In his book Inequality and the 1% (Verso 2014), Danny Dorling, Professor of Geography at Oxford University, says that while there are complex measures of inequality, such as the Gini coefficient (cue eye glazing), concentrating on the share taken by the 1 per cent may be one of the best measures of inequality given how simple a target it can be for effective social policy.
Dorling’s book details how the impact of the richest 1 per cent distorts and penalises the rest of British society. ‘It is through their actions, the influence of their corporations and the politicians they support that the top one per cent in the UK fuel growing income inequality between themselves and everyone else,’ he writes, ‘leaving so many with so little because a few think they must have so much.’
Comparing a number of industrialised countries, Dorling notes the price of the top 1 per cent is rarely below 5 per cent. Taking this as ‘the price of capitalism’, he identifies, Japan, the Netherlands, Sweden and Switzerland as countries where inequality is relatively low. In the UK the top 1 per cent taken 15 per cent of the income (the US is even worse at 20 per cent).
Unsurprisingly, many of the most highly paid executives are bankers. Dorling writes that in 2011, ‘some 2436 bankers in the UK took home the equivalent of one million euros in pay and bonuses. A third of them worked for Barclays Bank. The number of those high paid bankers in Germany in 2011 was 170, in France it was 162, while in may other European countries in was zero.’
Inequality in the UK in terms of liquid wealth (excluding principal place of residence) is even greater than inequality of income. The top 1 per cent holds 53 per cent of UK liquid wealth, the next 4 per cent 10 per cent and the next 45 per cent hold 31 per cent. The bottom half hold just 6 per cent (source: UK Office of National Statistics).
Dorling’s opening chapter contains an infographic that loads this data onto a map of the UK. The most startling feature is what I will call the Morecambe-Bridlington Line. If you draw a horizontal line between the seaside resort of Morecambe in Lancashire (74 km north of Liverpool) and the Yorkshire town of Bridlington on the east coast, then all the area of England and Wales below that line is equivalent to the proportion of liquid wealth held by the top 1 per cent. The next 4 per cent have everything north of the line up to the Scottish border. The next 45 per cent have Scotland. The bottom 50 per cent? They have Northern Ireland.
If you draw a line between Morecambe and Bridlington, the area of England and Wales below the line is equivalent to the proportion of liquid wealth held by the top 1 per cent.
But inequality is more than just economics, Dorling argues. It is the culture that divides and makes social mobility so painful. The bulk of his book is devoted to showing how the top 1 per cent school their children, how they are rewarded for the work they do, how they amass wealth and the effect all of this has on the rest of the population. Finally he looks at how inequality impacts health, self-worth and the ability to participate in society.

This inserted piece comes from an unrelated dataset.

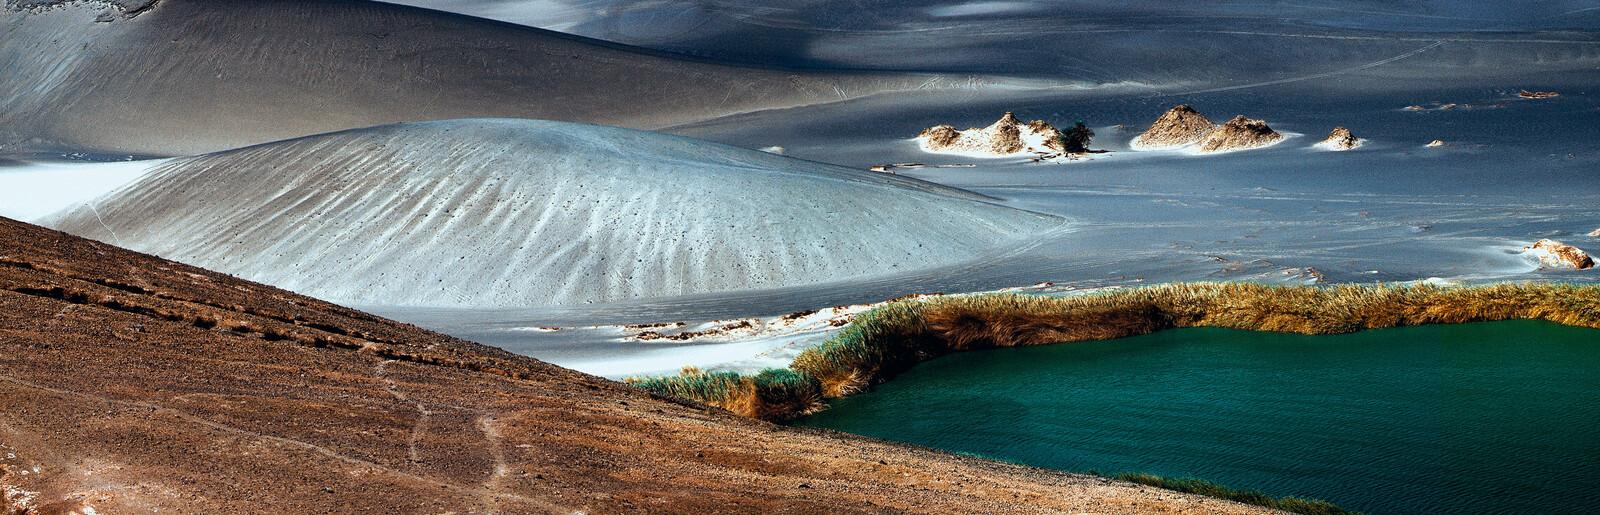 Wau an Namus / Libya I - Hans Gasser

He concludes that among the top 0.01 per cent are those who believe inequality is good, the poor deserve to be poor because they do not have it in them to be any better and the rich are worth their riches. How, you may ask yourself, did this group get the UK in such a tight grip?
Inequality in the UK dropped steadily and consistently from the end of the First World War and reached its lowest point in the late 1970s. Since then it has steadily increased. This is no accident according to British journalist and commentator Owen Jones. In his book The Establishment—And how they get away with it (Penguin 2014), he outlines how power and wealth in the UK have been taken away from the broader population over the past three decades and systematically redistributed to those at the top. It’s an illuminating read.